BEGIN SOURCE MATERIAL

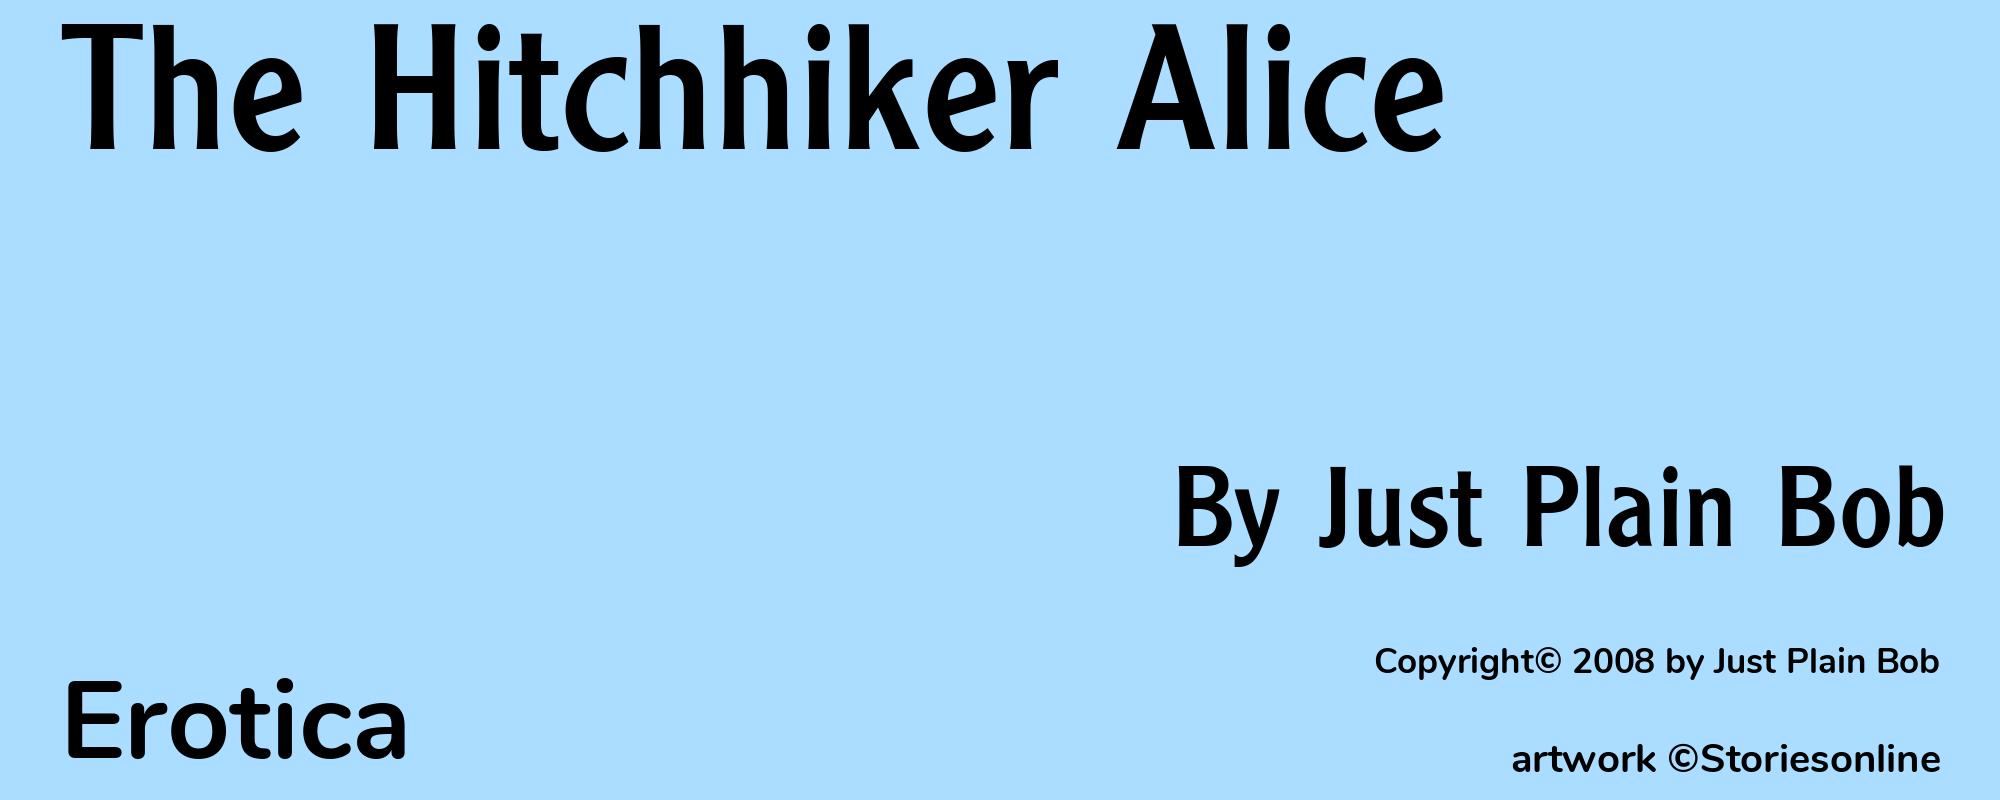 The Hitchhiker Alice - Cover
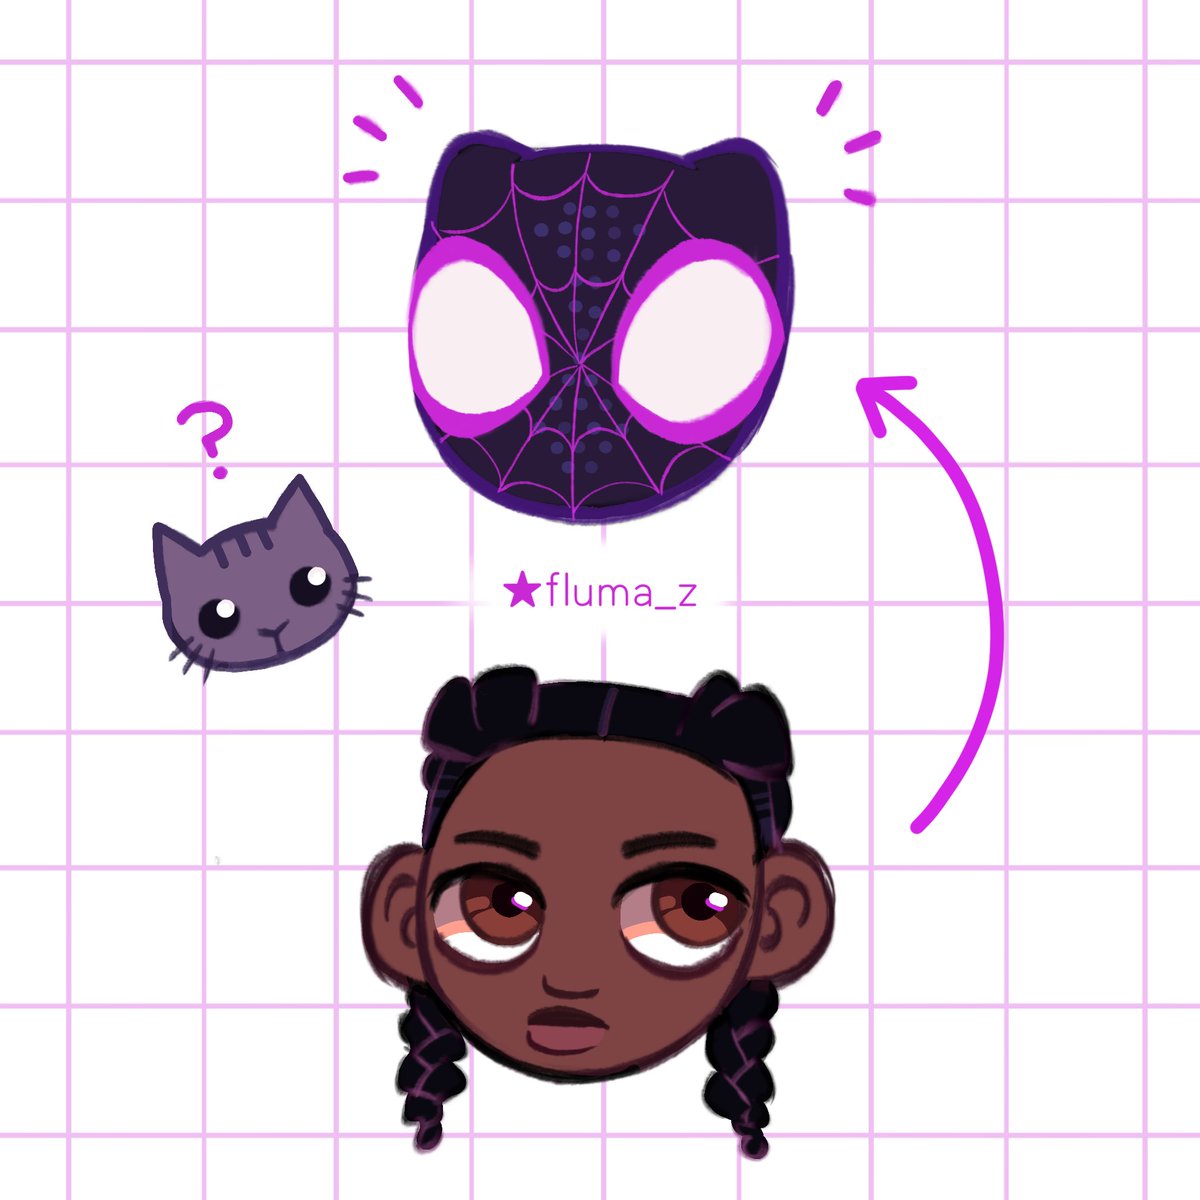 Shower thoughts ≽^•⩊•^≼
#MilesMorales #IntoTheSpiderVerse #atsv

END SOURCE MATERIAL

=== PROBLEM DETAILS ===
Give the listing above again in its entirety and exactly; do not include the pictures.

=== TASK RESPONSE ===
 The Hitchhiker Alice - Cover
 Shower thoughts ≽^•⩊•^≼
#MilesMorales #IntoTheSpiderVerse #atsv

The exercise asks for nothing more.